Greenhouse Effect

The greenhouse effect is a process by which thermal radiation from a planetary surface is absorbed by atmospheric greenhouse gases, and is re-radiated in all directions. Since part of this re-radiation is back towards the surface and the lower atmosphere, it results in an elevation of the average surface temperature above what it would be in the absence of the gases.

Solar radiation at the frequencies of visible light largely passes through the atmosphere to warm the planetary surface, which then emits this energy at the lower frequencies of infrared thermal radiation. Infrared radiation is absorbed by greenhouse gases, which in turn re-radiate much of the energy to the surface and lower atmosphere. The mechanism is named after the effect of solar radiation passing through glass and warming a greenhouse, but the way it retains heat is fundamentally different as a greenhouse works by reducing airflow, isolating the warm air inside the structure so that heat is not lost by convection.

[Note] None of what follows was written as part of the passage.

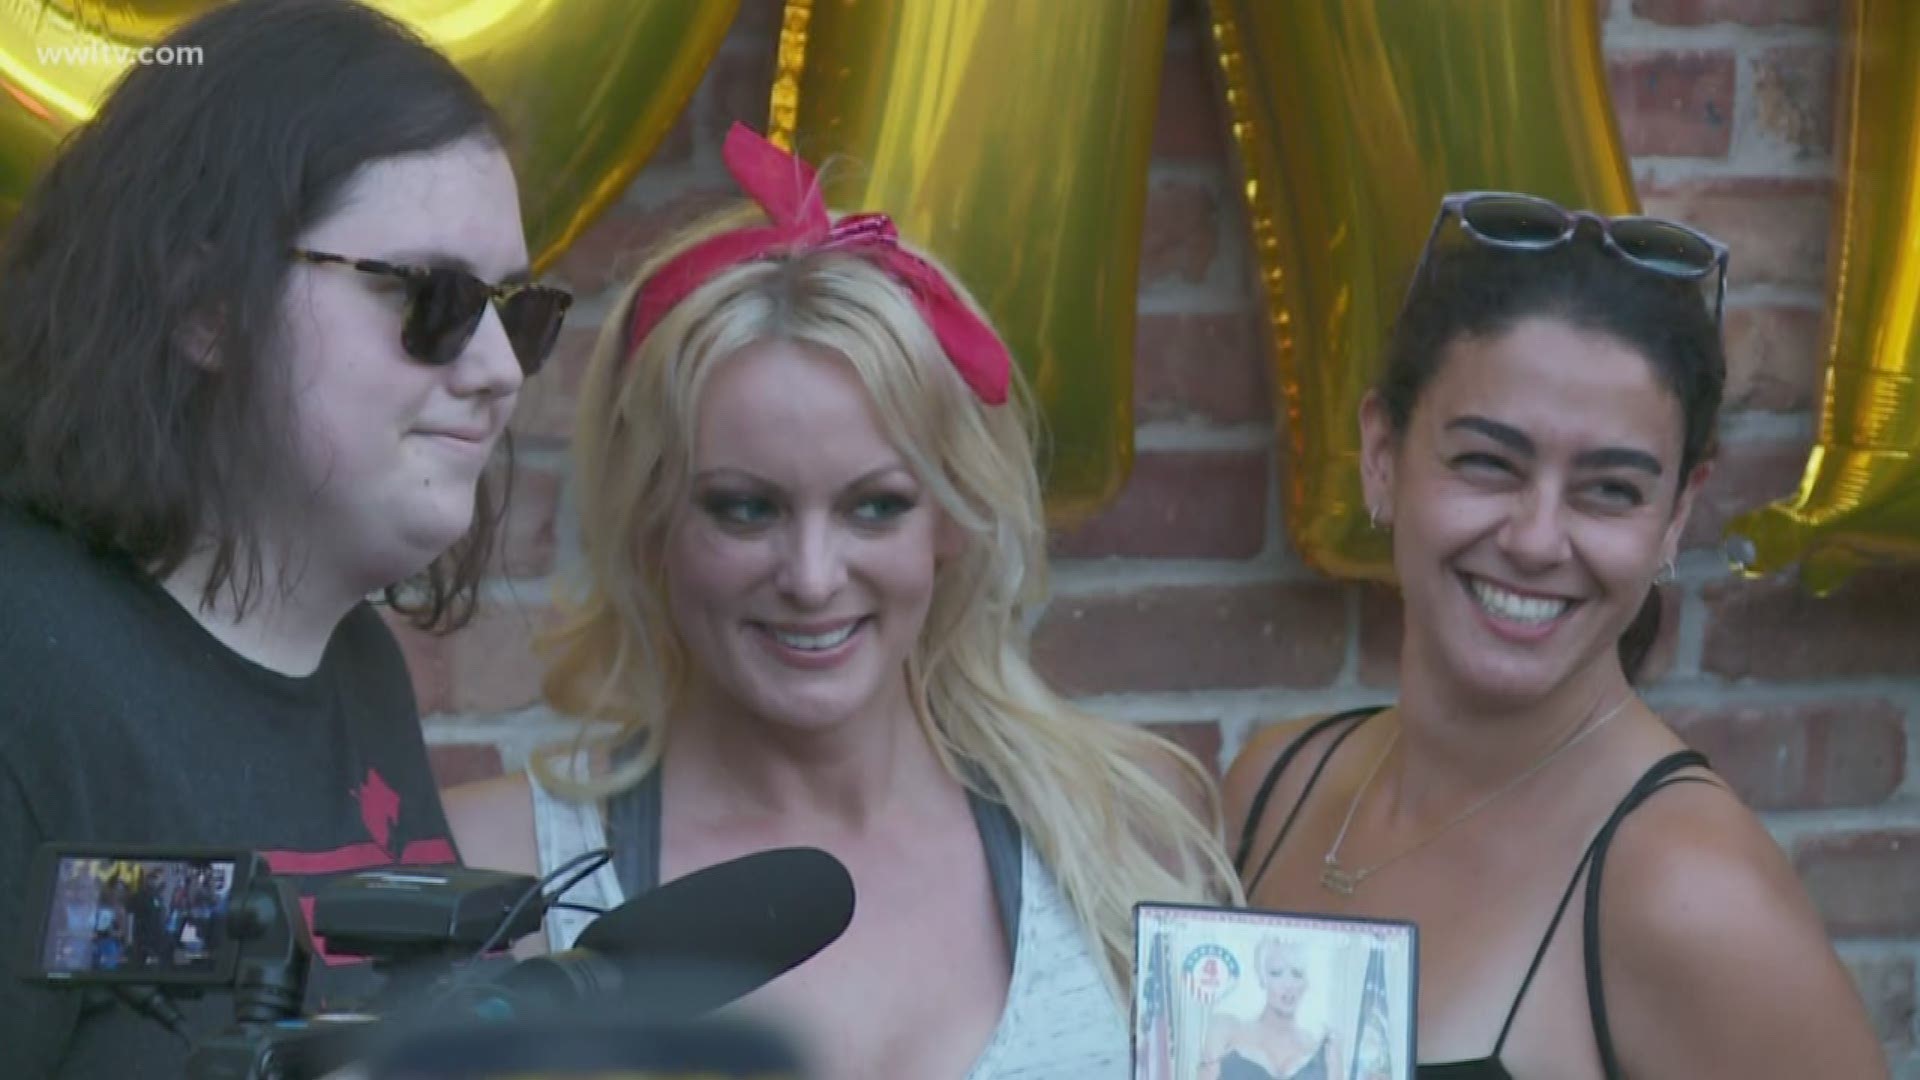 Adult film star Stormy Daniels was in the Big Easy Sunday evening to raise money for the New Orleans Abortion Fund.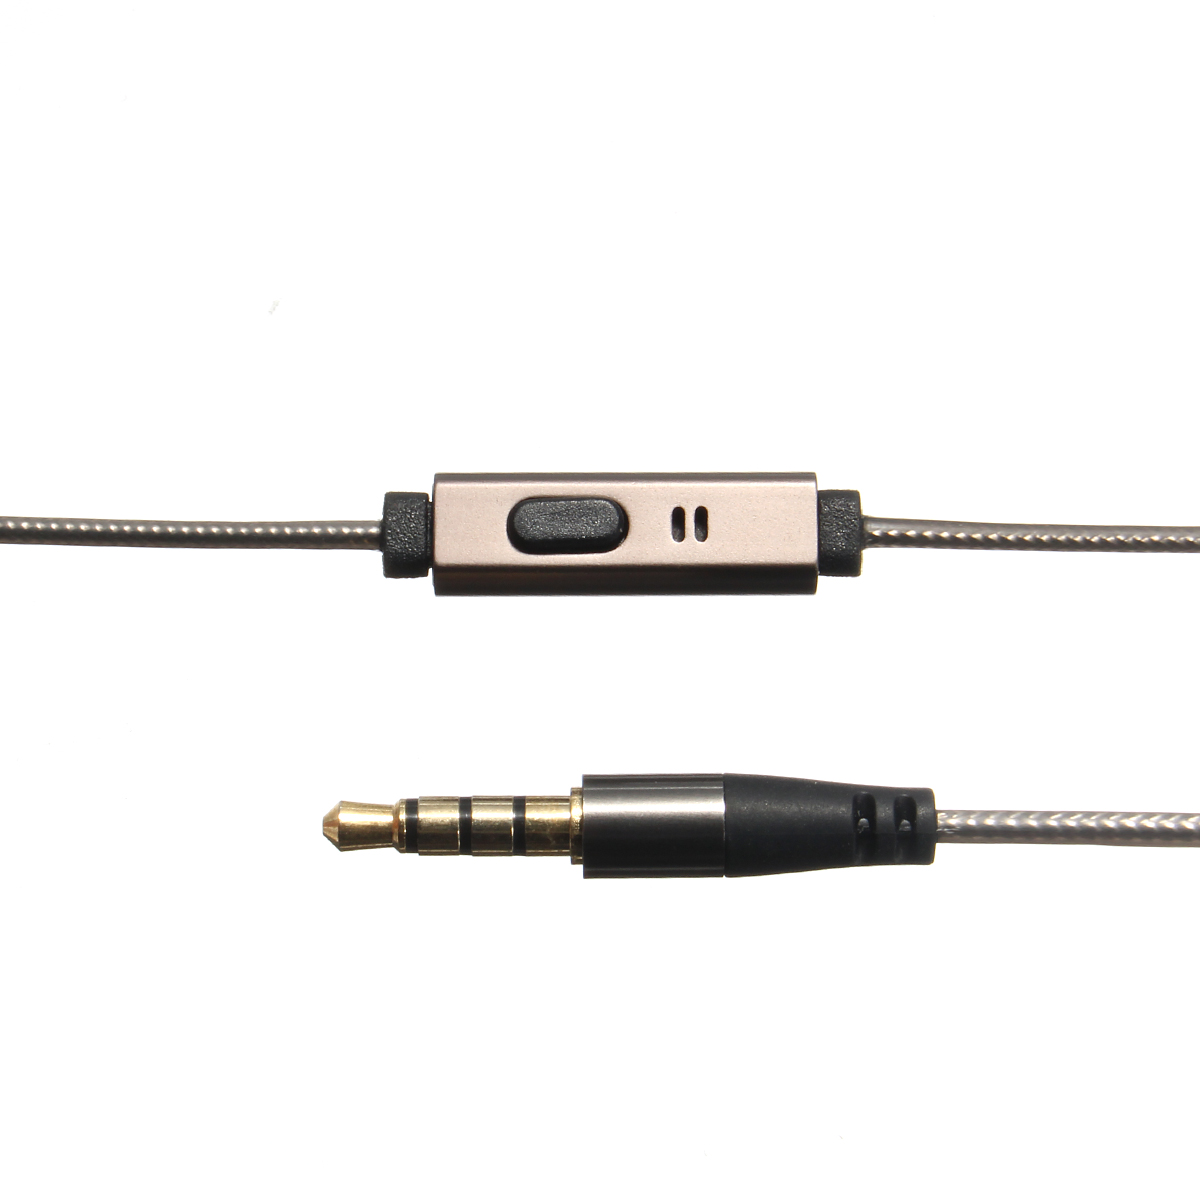 128M-Replacement-Audio-Cord-Cable-with-Mic-for-Shure-SE215-315-535-846-UE900-Headphone-1154717-2

If an ideal thermally conductive blackbody was the same distance from the Sun as the Earth is, it would have a temperature of about 5.3 °C. However, since the Earth reflects about 30% of the incoming sunlight, the planet's effective temperature (the temperature of a blackbody that would emit the same amount of radiation) is about −18 °C, about 33°C below the actual surface temperature of about 14 °C. The mechanism that produces this difference between the actual surface temperature and the effective temperature is due to the atmosphere and is known as the greenhouse effect.

Earth’s natural greenhouse effect makes life as we know it possible. However, human activities, primarily the burning of fossil fuels and clearing of forests, have intensified the natural greenhouse effect, causing global warming.